An organisation that monitors Prevent, the UK government’s controversial programme to stop people getting drawn into terrorism, has warned of a defamation action against the Home Office before a review into the strategy.

Prevent Watch, which has supported 600 individuals it says have wrongly been affected by Prevent, sent a formal letter to the department threatening legal action.

The government’s Prevent programme has attracted criticism because some of those targeted have later been found to have no links to terrorism or radicalisation while others who have gone on to commit such acts have not been identified and diverted by the programme.

Critics fear the programme stifles open debate, especially among young people, about issues such as radical ideologies. Some innocent remarks have been interpreted wrongly as indicators of an intention to commit acts of terror.

In January 2021, the government appointed William Shawcross to conduct an independent review into Prevent. The much-delayed review, initially due to be published at the end of 2021, is yet to see the light of day.

Some media have reported the delay is due to fears that the government could get sued for potentially libellous references to organisations critical of the Prevent programme.

Prevent Watch has launched the legal action because of fears that the organisation is listed in Shawcross’s unpublished review, which has been shared with some media outlets, in a libellous way as being supportive of Islamic extremism because it opposes the Prevent programme.

Shawcross is a senior fellow at Policy Exchange, which criticised Prevent Watch in a report published last April entitled Delegitimising Counter-Terrorism. In this report, a foreword suggested that those raising concerns about Prevent are “enabling terrorism”.

Leaked extracts of Shawcross’s Prevent review reported by the Guardian highlight his view that Prevent is too focused on rightwing extremism and instead should focus more on Islamic extremism.

Dr Layla Aitlhadj, the director of Prevent Watch, says she believes it is likely their organisation has been named in Shawcross’s review as one of those critical of the Prevent programme who are responsible for spreading Islamic extremism, a claim which, if it is made in Shawcross’s review, she says is seriously defamatory.

The legal letter calls on the Home Office to remove any defamatory references to Prevent Watch that may be contained in Shawcross’s review. The letter warns that copies of the report leaked to the media may have contained critical references to Prevent Watch and so may have already libelled them.

It adds that in order to avoid full defamation proceedings any references to Prevent Watch included in Shawcross’s report must be removed.

“We understand it is likely that we have been named as part of this ‘list”’,” the legal letter states.
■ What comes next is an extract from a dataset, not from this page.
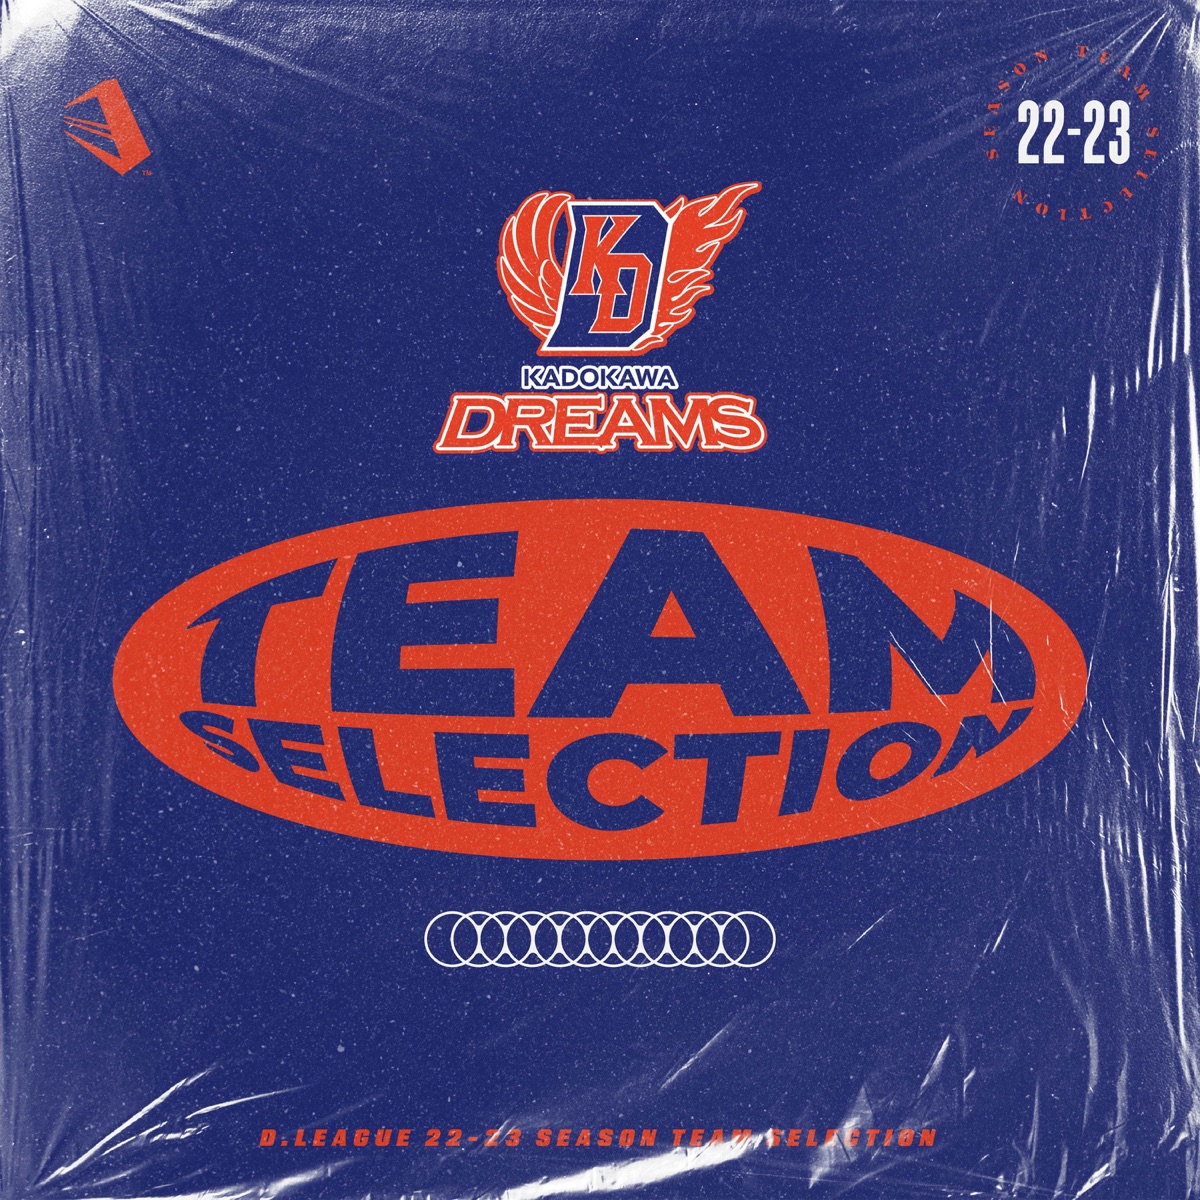 D.League 22 -23 Season - Team Selection - Album by KADOKAWA DREAMS

Aitlhadj said: “Our important civil society work, based on hundreds of cases of people adversely and unfairly targeted by Prevent, will not be silenced in this way. Our pre-action letter to the Home Office makes it clear they have a responsibility to act. They should not only remove any defamatory statements in the Shawcross report, but they must ensure the contents are within the stated purpose of the independent review, and publish their report without further delay, to avoid liability and allow for public scrutiny.”

Prevent Watch was one of more than 500 organisations and individuals that boycotted Shawcross’s review due to controversial comments he has made about Islam in the past.

A government spokesperson said: “The government is currently reviewing the recommendations of the independent review and will publish the report and our response in due course. It is only right that the government takes the time to prepare and deliver a considered response.”